Um Studierende mit auf die Reise zu nehmen, sollten Sie Folgendes beachten:

  • Vorwissen aktivieren und das Schwierigkeitsniveau berücksichtigen,
  • Aufmerksamkeit und Neugierde wecken,
  • in einer für die Studierenden verständlichen Sprache kommunizieren,
  • Praxisbezüge herstellen,
  • konstruktives Feedback als Ermutigung geben,
  • Reflexionsimpulse geben.

Um zu wissen, wie es den Studierenden auf ihrer Reise ergangen ist, nutzen Sie regelmäßig Feedbackinstrumente. Und wenn einmal etwas nicht so funktioniert, wie Sie es sich vorgestellt haben, reflektieren Sie die Situation, überlegen Sie, was Gründe dafür sein könnten, ändern Sie Ihre Methoden ab. Das Grau der Theorie kann in den Augen der Studierenden vielleicht bald schon sehr bunt erscheinen. //

Literatur

  • Augustin, Elisabeth/Hohenwarter, Michaela/Salmhofer, Gudrun /Scheer, Lisa (Hrsg.) (2015): Theorie, die ankommt. Wege der Theorievermittlung in der Hochschullehre. Leykam.

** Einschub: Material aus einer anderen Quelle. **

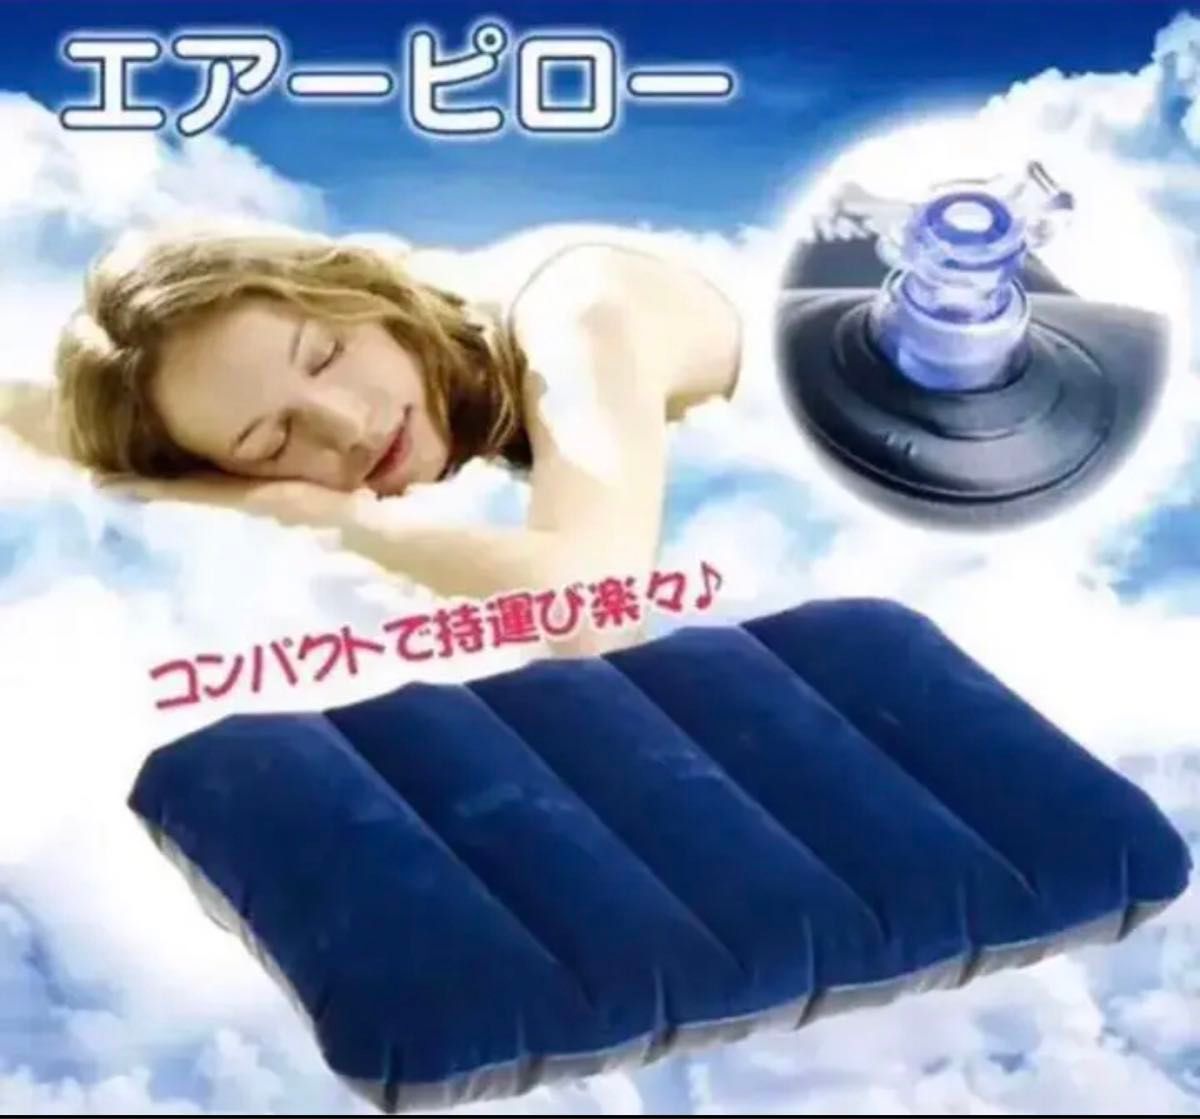 エアーピロー 携帯枕 超軽量 コンパクト トラベルピロ ー エアー枕 旅行枕

  • Baumann, Martin (2009): Hallo, ich spreche auch zu Ihnen da hinten! Wie man große Gruppen nicht nur „be-lehren“, sondern auch mit ihnen arbeiten kann. In: NHHL E 2.15.
  • Berendt, B. (1998): How to Support and Practise the Shift from Teaching to Learning through Academic Staff Development Programmes – Examples and Perspectives. In: UNESCO-CEPES (ed.): Higher Education in Europe. Vol. XXIII. Bucharest.

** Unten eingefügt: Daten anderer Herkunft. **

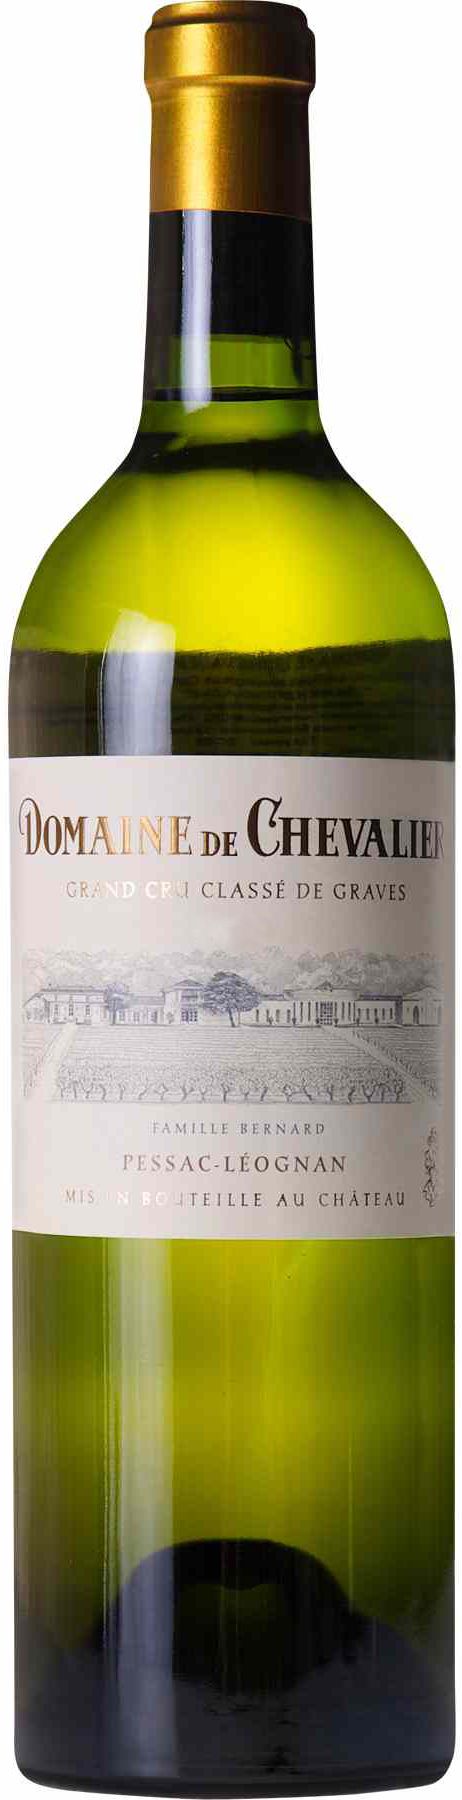 Domaine De Chevalier, Blanc, 2007

  • Bloom et al. (1972): Taxonomy for Educational Objectives. The Classification of Educational Goals.
  • Brendel, Sabine/Hanke, Ulrike/Macke, Gerd (2019): Kompe-tenz­orientiert lehren an der Hochschule. utb.
  • Gelbmann, Ulrike (2015): Wahrheiten muss man erproben: Theorie-Lernen durch praktische Umsetzung. In: Elisabeth Augustin, Michaela Hohenwarter, Gudrun Salmhofer, Lisa Scheer (Hrsg.): Theorie, die ankommt. Wege der Theorievermittlung in der Hochschullehre. Leykam, S. 109-115.

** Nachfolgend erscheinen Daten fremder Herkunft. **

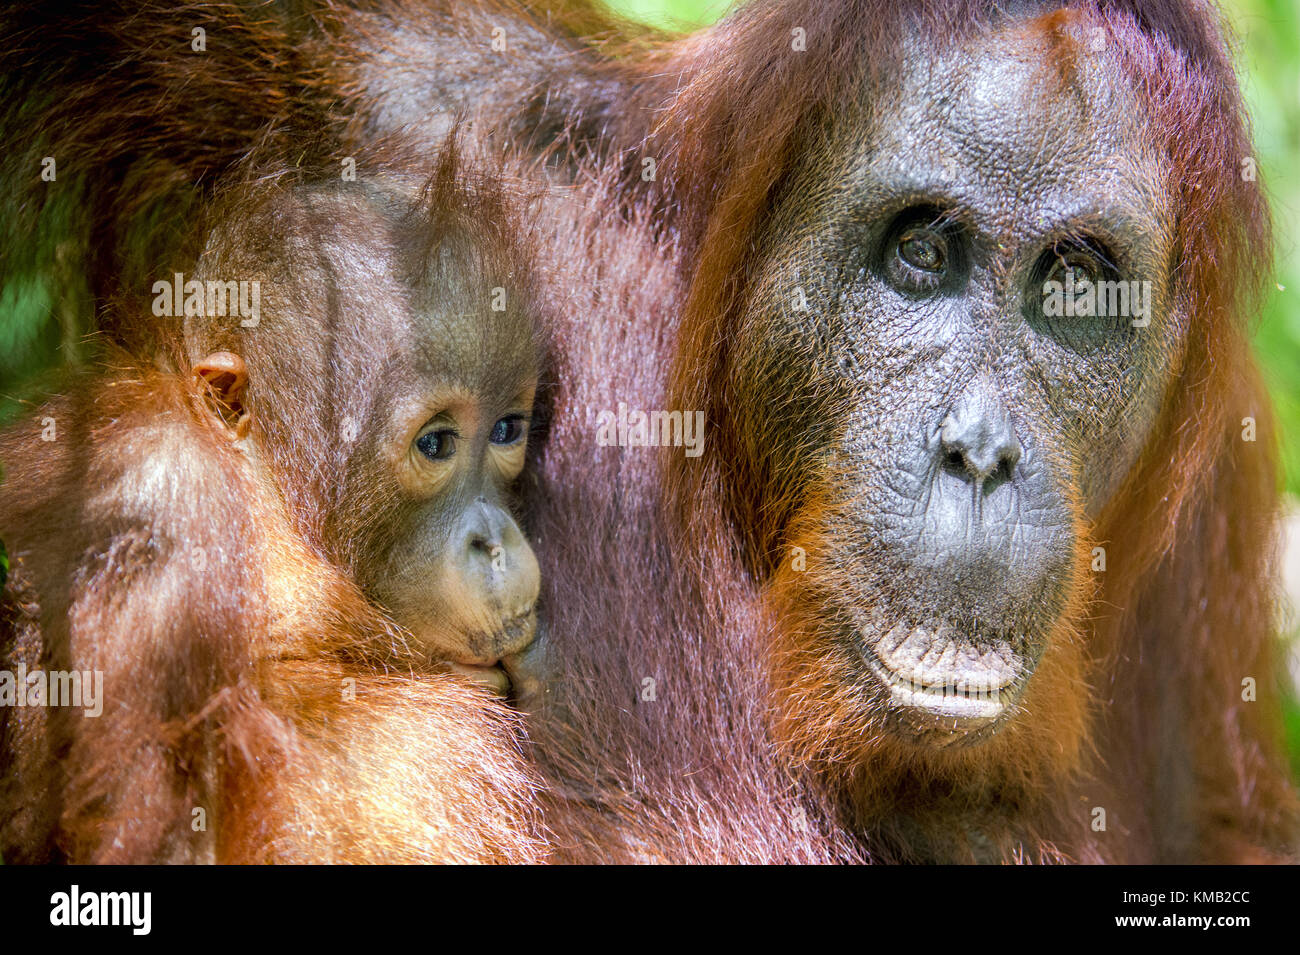 Ein Weibchen der Orang-utan mit einem Cub in einem natürlichen Lebensraum. Pongo pygmaeus wurmmbii. Regenwald von Borneo. Indonesien Stockfoto

  • Lewin, Kurt (1951): Field theory in social science – Selected theoretical papers. Harper & Row.
  • Mittelstädt, Ina (2018): Studierendenorientierung – was heißt das? Und wie lässt sie sich in Weiterbildungen anstoßen? In: Martina Schmohr, Kristina Müller, Julia Philipp (Hrsg.): Gelingende Lehre: erkennen, entwickeln, etablieren. wbv, S. 127-147.
  • Svinicki, Marilla D./McKeachie, Wilbert J. (2014): McKeachie’s Teaching Tips. Strategies, Research, and Theory for College and University Teachers. Wadsworth.
  • Trigwell, Keith/Prosser, Michael/Waterhouse Fiona (1999): Relations between teachers approaches to teaching and students’ approaches to learning. In: Higher Education 37, pp. 57-70.